За то, что выходила тридцать послеоперационных тяжелораненых, получила первую свою награду – орден Красной Звезды. Я и про медаль не думала, а тут сразу орден. Тогда ведь мало кого награждали. Разве что начальство повыше. А лейтенанты да рядовые только шрамы да нашивки за ранения получали. После Сталинграда немного расщедрились, но редко у кого медаль на груди, а про ордена и говорить нечего.
Кроме ордена, попозже получила медаль «За оборону Сталинграда». Но война и после Сталинграда для меня продолжалась.
Ведь я носила воинское звание, и наша дивизия (и медсанбат) двигалась на запад.
Запомнились долгие переходы конца лета и начала осени сорок третьего года. Это было уже после Курской битвы. В большие города мы не заходили, а поселки в памяти не остались. Бесконечные пыльные дороги, где-то впереди прорывают немецкую оборону танки и пехота, а мы стараемся не отстать от тылов дивизии.
Двигались повозки с медицинским оборудованием, медикаментами, палатками, а мы, медсестры, шагали в кирзовых сапогах размера на три больше. Но все же сапоги, а не ботинки, в которых топала основная часть пехоты. Мы ведь старались всегда за собой следить. Сапоги, юбка, гимнастерка, туго перепоясанная ремнем. Да мы еще девчата хоть куда!
Бомбили нас не часто. Но дорога выматывала. Пытаемся смеяться, даже петь, а ноги заплетаются от усталости. Ездовые – в основном дядьки в возрасте, заботились о нас. Увидят, что кто-то отстает, подсаживают на повозку.
Войска наступали быстро, санбат мы не разворачивали, оказывали помощь раненым на ходу и отправляли в тыл. Шли по местам тяжелых боев. Перепаханные гусеницами траншеи, много разбитой техники, трупов. Да и наших незахороненных солдат хватало. В местах прорывов застыли подбитые и сгоревшие «тридцатьчетверки». Возле машин суетились ремонтники. Машут рукой:
– Сюда… к нам. Раненые здесь.
На раненых танкистов страшно смотреть. Особенно на обожженных. Ну, как ему поможешь, если у него почти весь промасленный комбинезон сгорел и вплавился в тело? Наступал шок от боли, другие, оставаясь в сознании, стонали. Вводим морфин, чем можем, помогаем. Но их в госпиталь надо, в специальное ожоговое отделение.
Некоторым и госпиталь не поможет, если половина кожи сгорела.
Конечно, и пехоте доставалось, но танкистам особенно. Лежат двое, все, что от экипажа осталось, смотрят на нас и не видят. Сильные контузии после удара снаряда. Многие с осколочными ранениями. Броня крошится, и кусочки металла вонзаются в тело. Кому десяток осколков, а кому и не сосчитать, сколько железа досталось.

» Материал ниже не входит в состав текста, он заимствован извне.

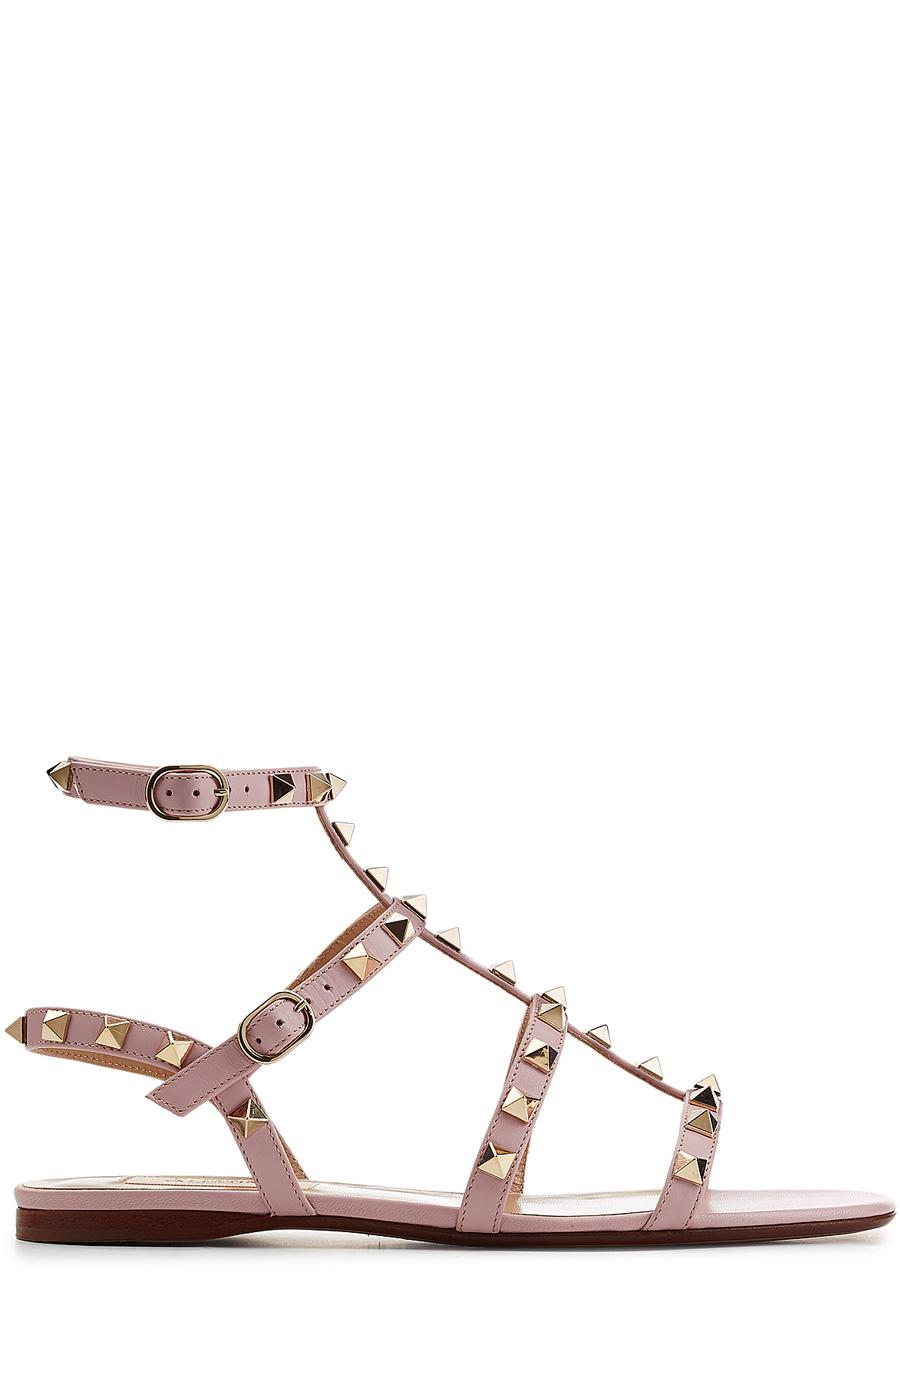 aaf30c70f8cb9 Valentino Rockstud Flat Leather Sandals In Khaki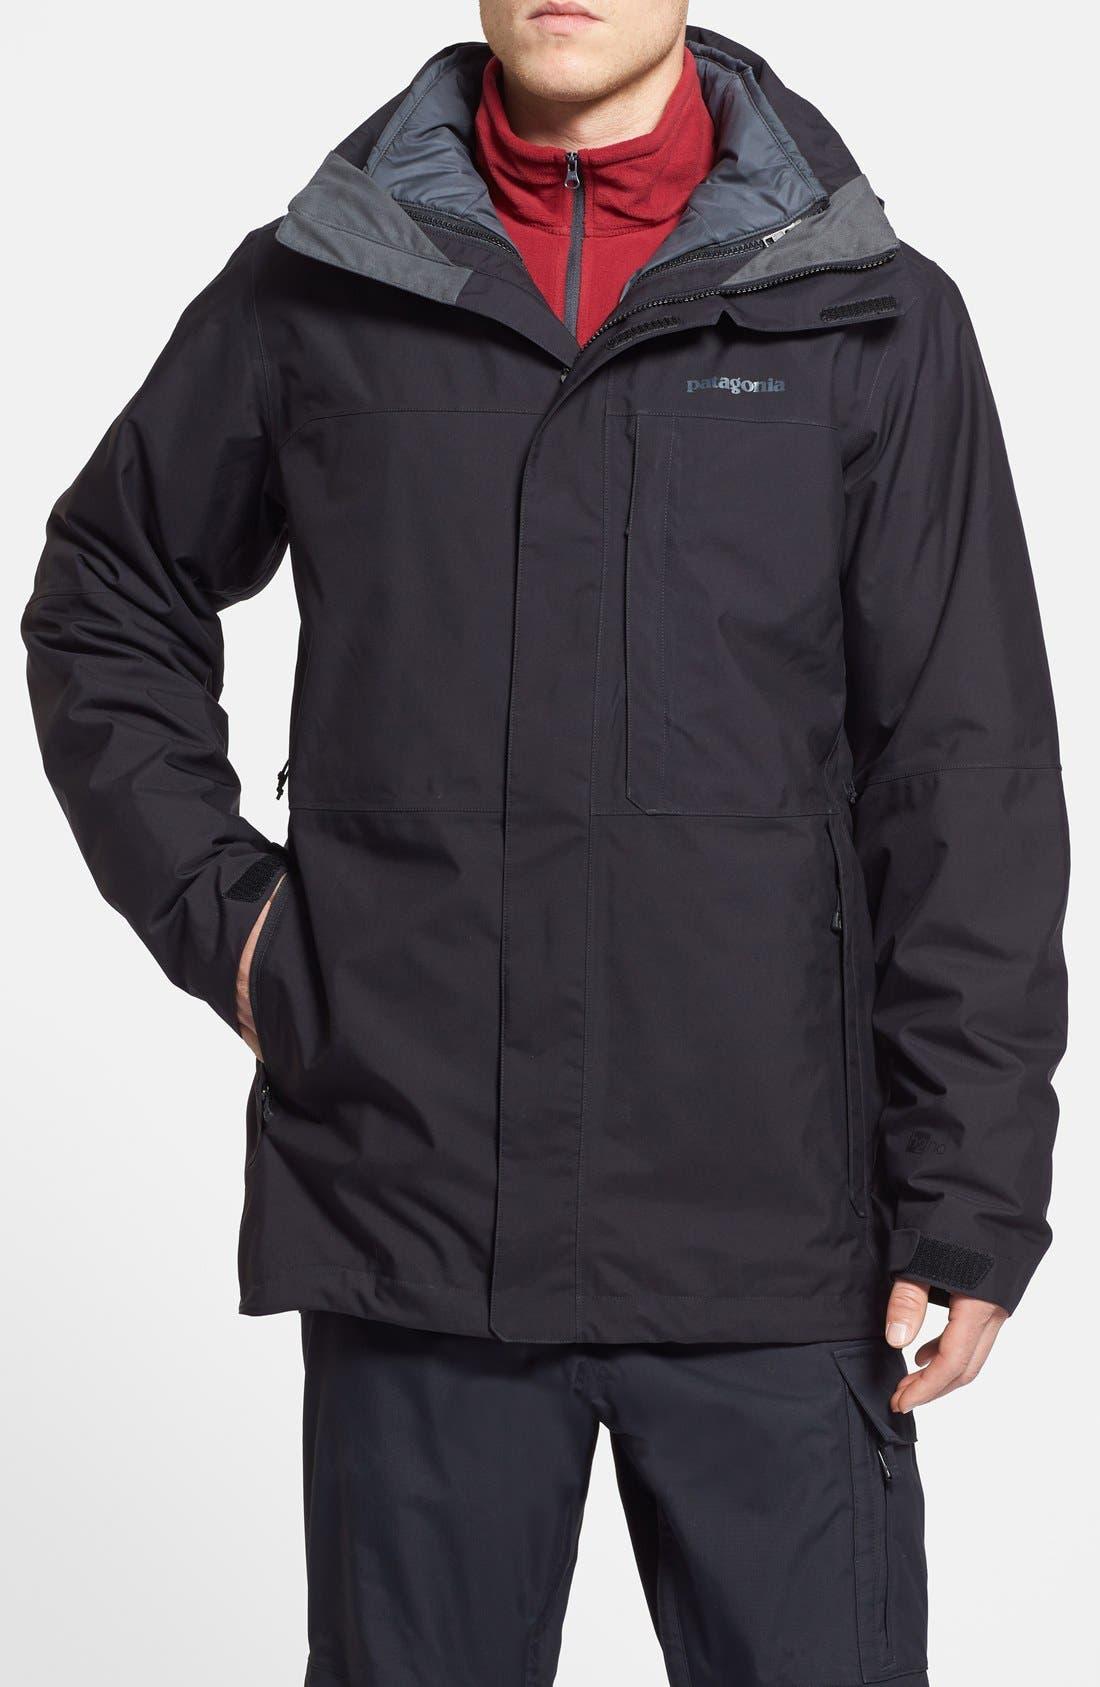 3-in-1 Snowshot Jacket,                             Main thumbnail 1, color,                             001

Врачи часть осколков на месте вытаскивали. Перебинтуем раненого, как куклу, и тоже на попутку. Считалось, что мы продвигались в тылу, но во время наступления обстановка быстро менялась. Оставались островки немецкой обороны, целые воинские части в тылу оказывались.
Однажды попали под сильный артиллерийский обстрел. Только что тихо было, и вдруг взрывы. С нами пехота шла (видимо, второй эшелон), завязался бой. Снаряды вокруг взрываются, немцам наплевать на красные санитарные кресты. Неподалеку медсестру, как шапкой, взрывом накрыло, ничего не осталось. Взрывы то дальше, то ближе. У повозки задние колеса в разные стороны, лошадь остатки тащит, быстрее из-под огня. Хирург рукой показывает на кусты возле речки. Я туда побежала.
А что кусты? Это не защита. Осколки их, как траву, выкашивают. Спрыгнула под обрывчик, затаилась на корточках. Хоть и начало осени, а вода холодная. Наверное, родники поблизости. Холодная – не холодная, а жить хочется.